Concept Graph & Resume using Claude 3.5 Sonnet | Chat GPT4o | Llama 3:

Resume:

1.- AI programming: Early AI focused on writing programs for specific tasks, but lacked generality and robustness outside anticipated scenarios.

2.- Methodological shift: AI research moved from writing programs for ill-defined problems to designing algorithms for well-defined mathematical tasks.

3.- Learners vs. Solvers: Two main approaches in AI - learners (e.g. deep learning) and solvers (e.g. classical planners).

4.- Deep learners: Neural networks with adjustable parameters, trained to minimize error functions on tasks like image recognition.

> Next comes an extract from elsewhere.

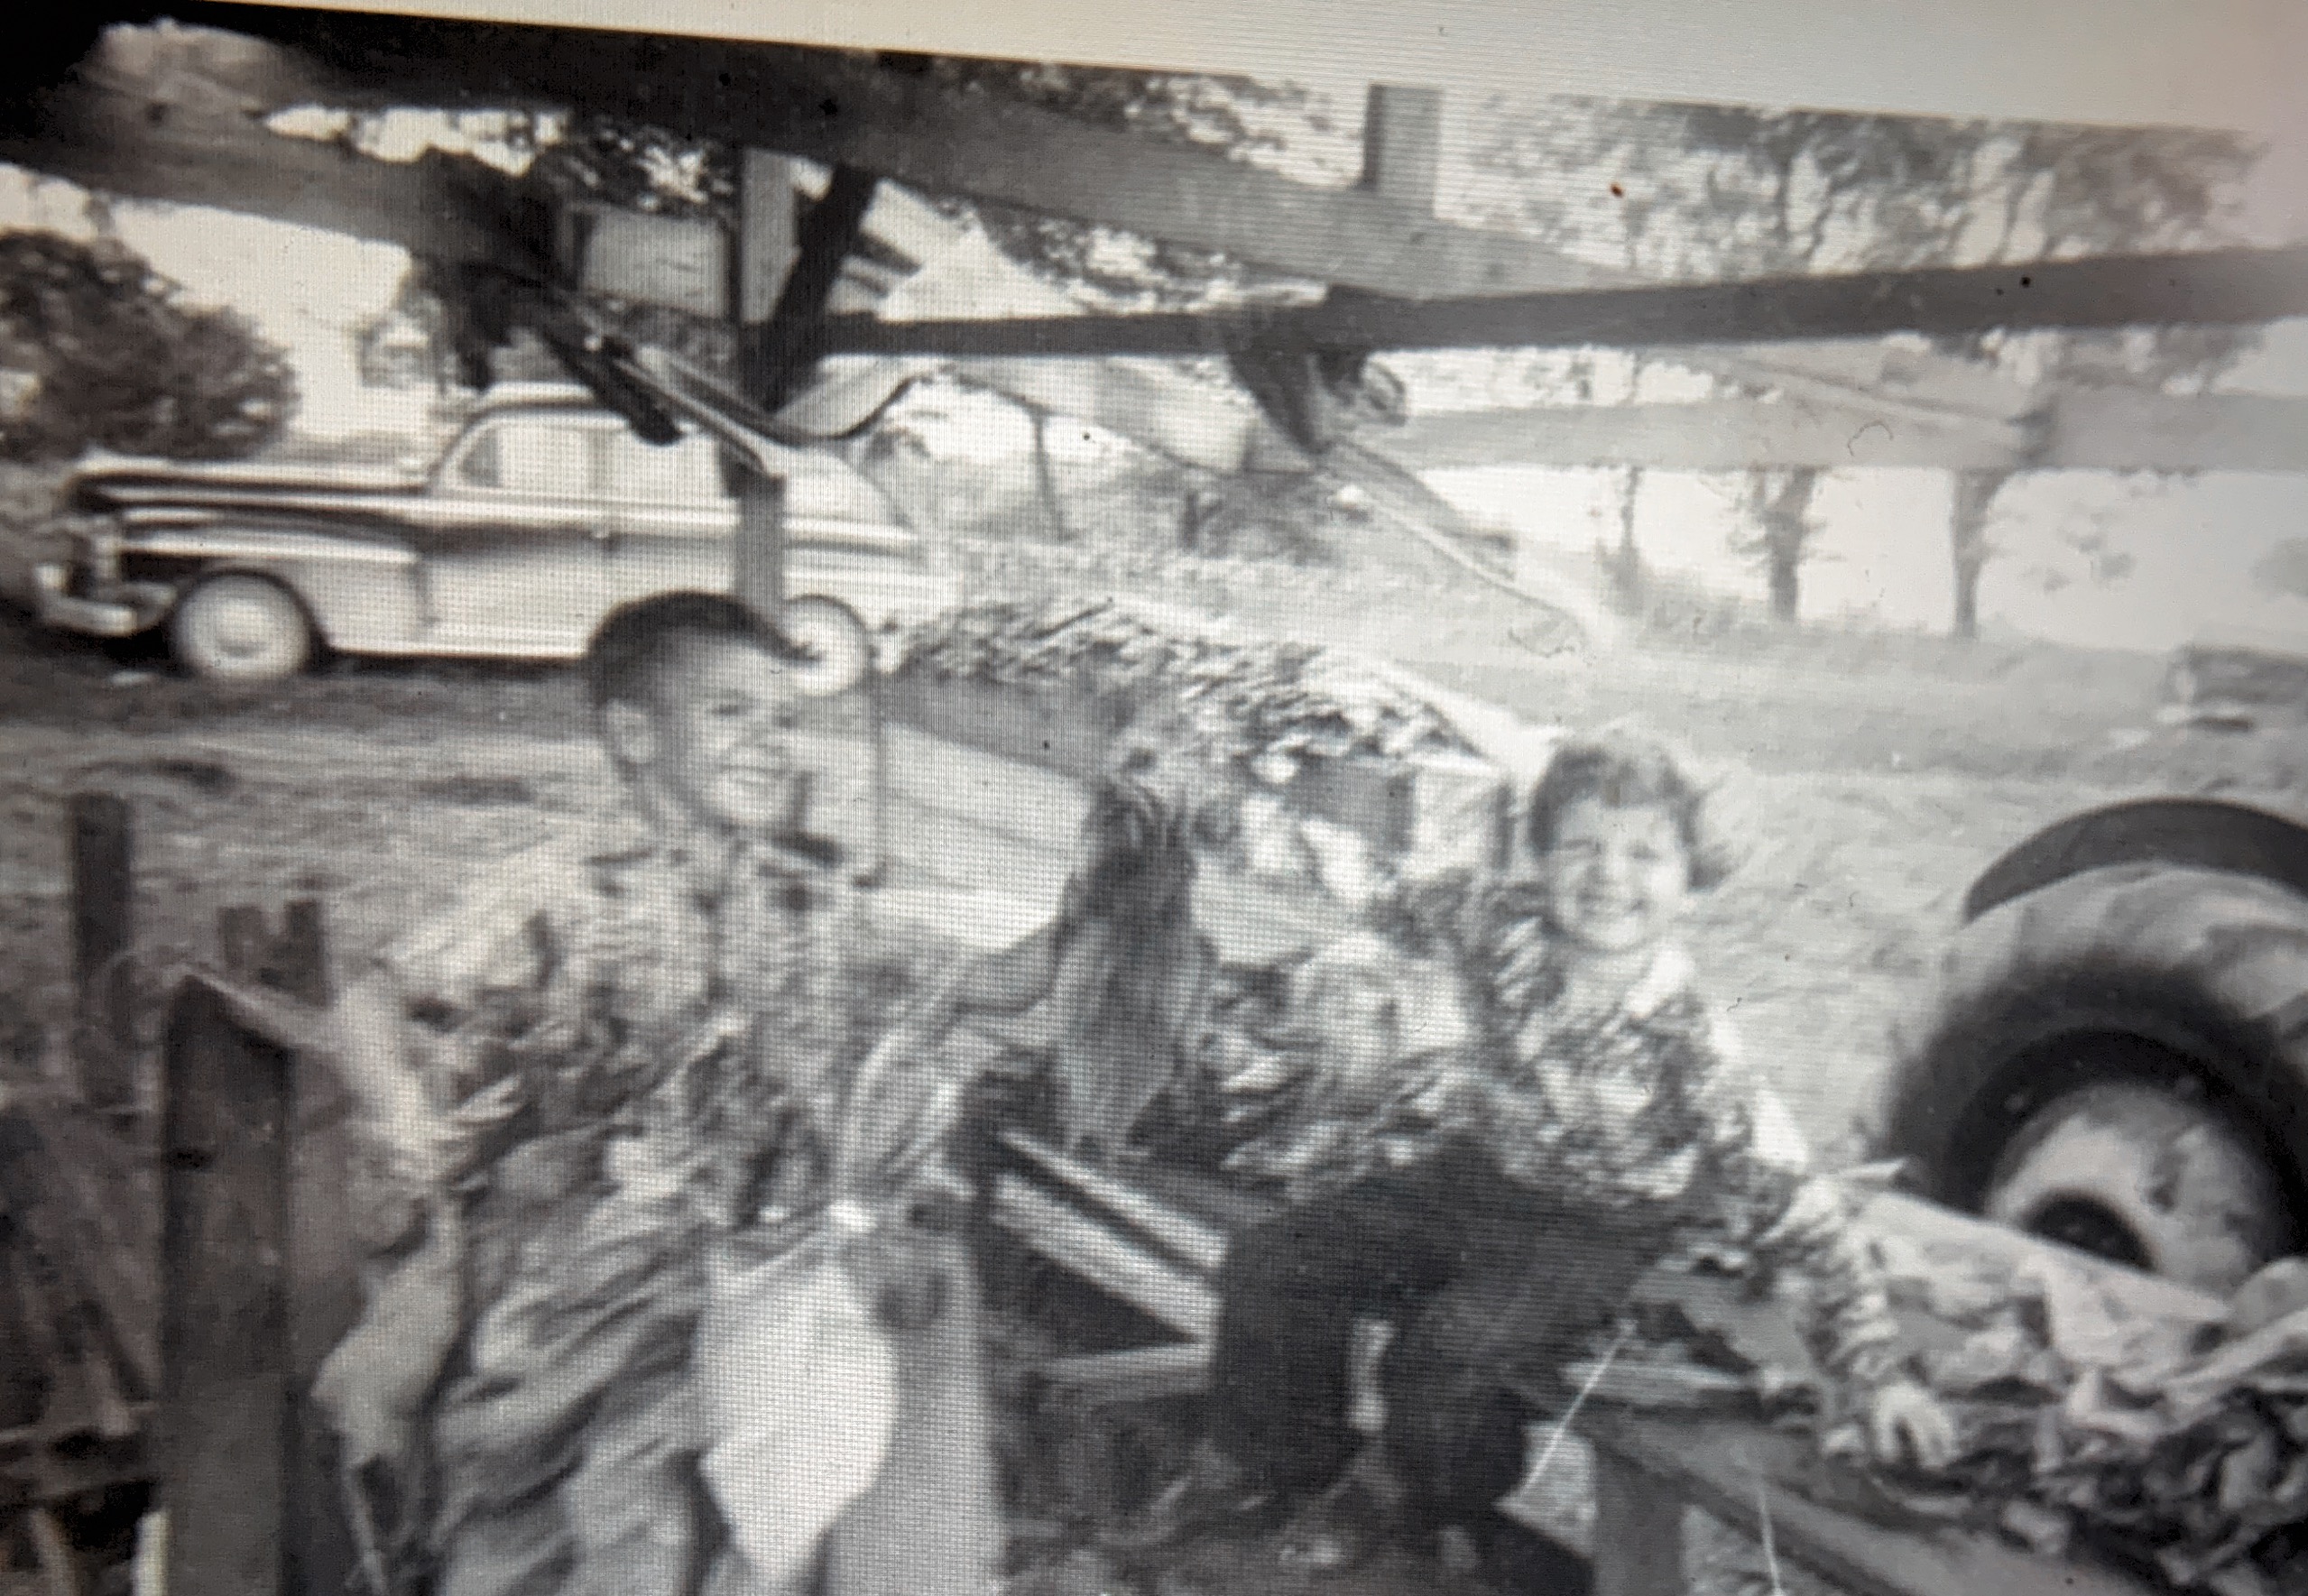 My brother Eric and Myself helping on our parents Tobacco Farm. Getting Tobacco leaves ready to be cured. We had great times growing up on the farm in the mid 1950s.

5.- Deep reinforcement learning: Neural networks trained to make decisions in dynamic environments, achieving superhuman performance in games.

6.- Solvers: Algorithms that map inputs to outputs based on explicit models, like classical planners or SAT solvers.

7.- Generality of solvers: Solvers work across various domains without training, but may require significant computation time for each input.

8.- Problem relaxation: Simplifying complex problems to make them tractable, then using solutions to guide solving the original problem.

9.- Monotonic relaxation: A planning technique that makes action effects monotonic, enabling efficient solution of simplified problems.

10.- Goal recognition: Using planners to infer an agent's goal from observed behavior, applying Bayes' rule and cost considerations.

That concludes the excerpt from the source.